What you have to do:
An exact copy of every record below is needed, with all pictures removed.

>>>

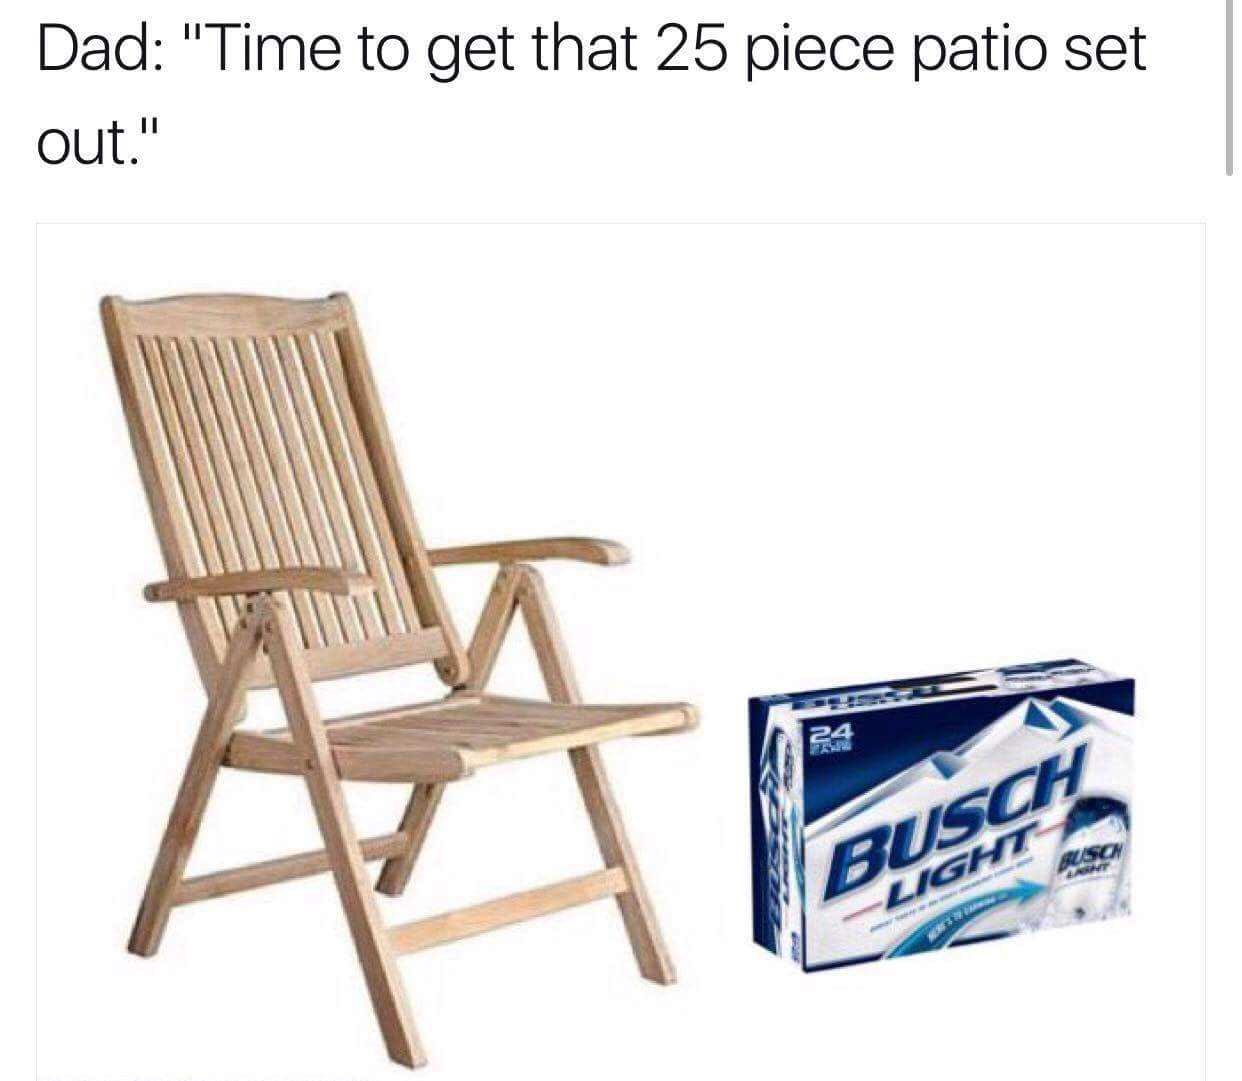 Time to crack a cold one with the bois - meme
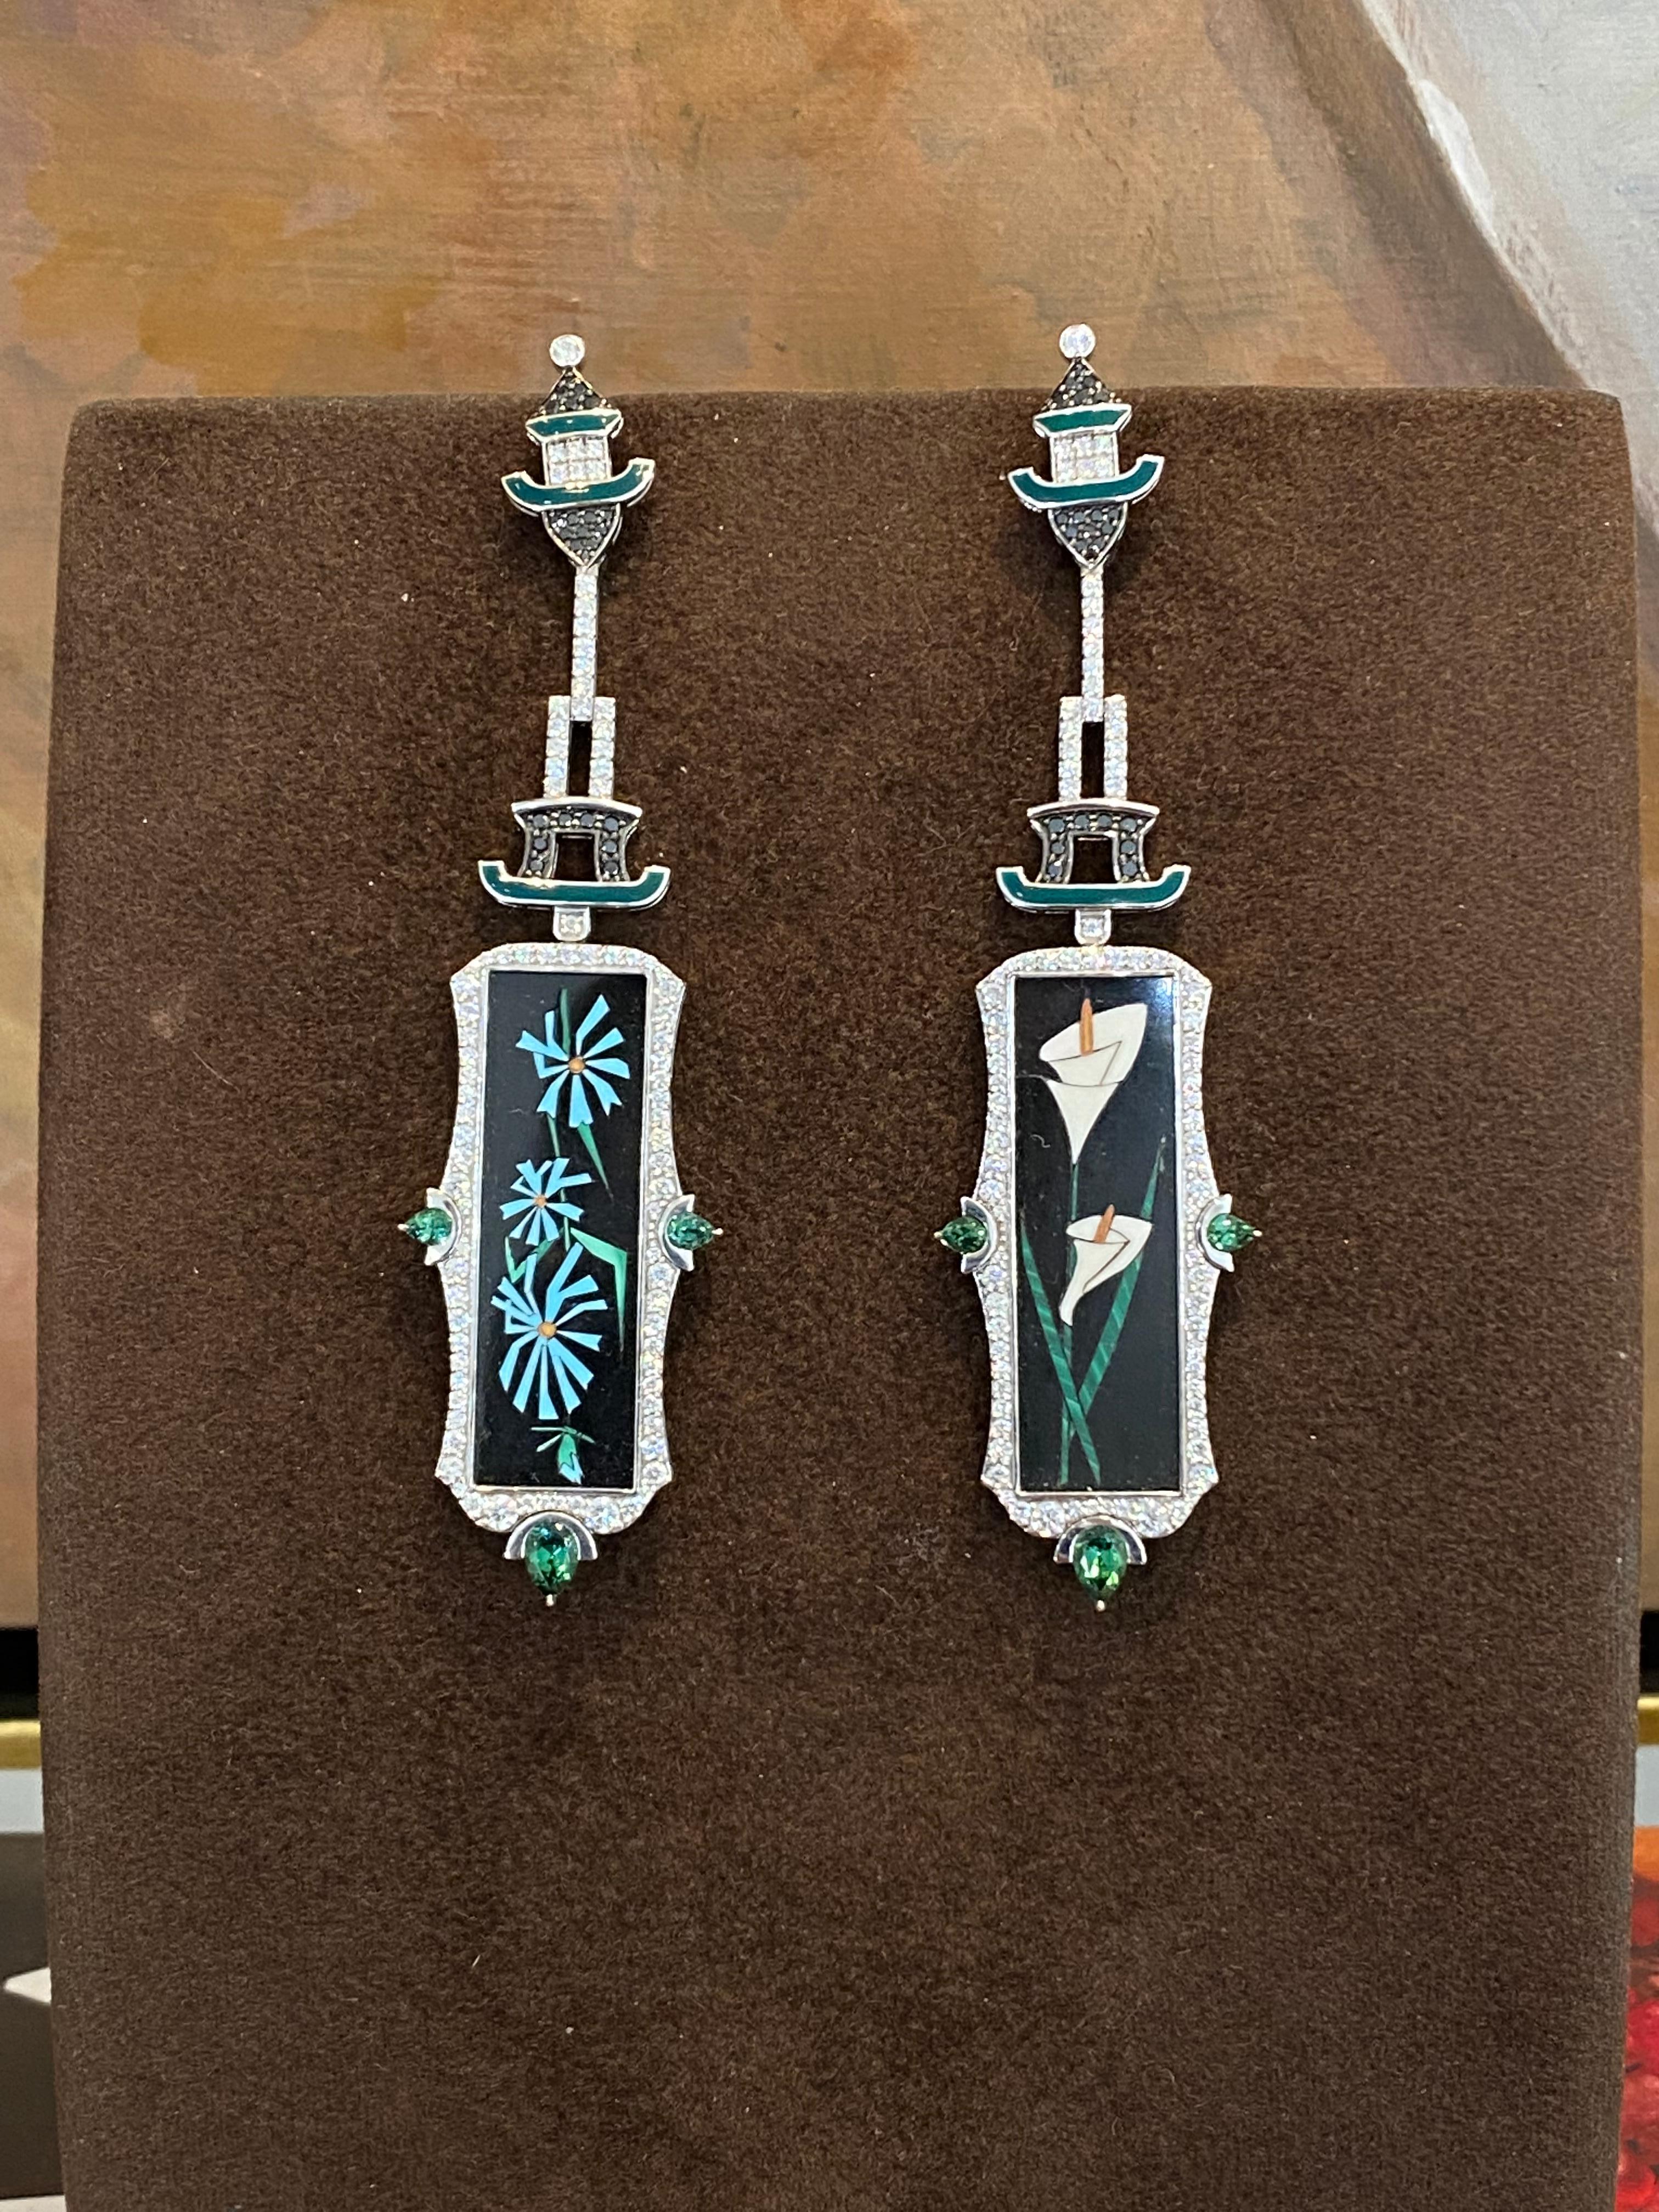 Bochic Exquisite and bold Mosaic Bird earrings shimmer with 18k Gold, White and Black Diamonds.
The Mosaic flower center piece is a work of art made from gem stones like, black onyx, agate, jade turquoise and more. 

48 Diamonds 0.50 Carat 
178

<<<

Expected answer:
 Time to crack a cold one with the bois - meme
 Bochic Exquisite and bold Mosaic Bird earrings shimmer with 18k Gold, White and Black Diamonds.
The Mosaic flower center piece is a work of art made from gem stones like, black onyx, agate, jade turquoise and more. 

48 Diamonds 0.50 Carat 
178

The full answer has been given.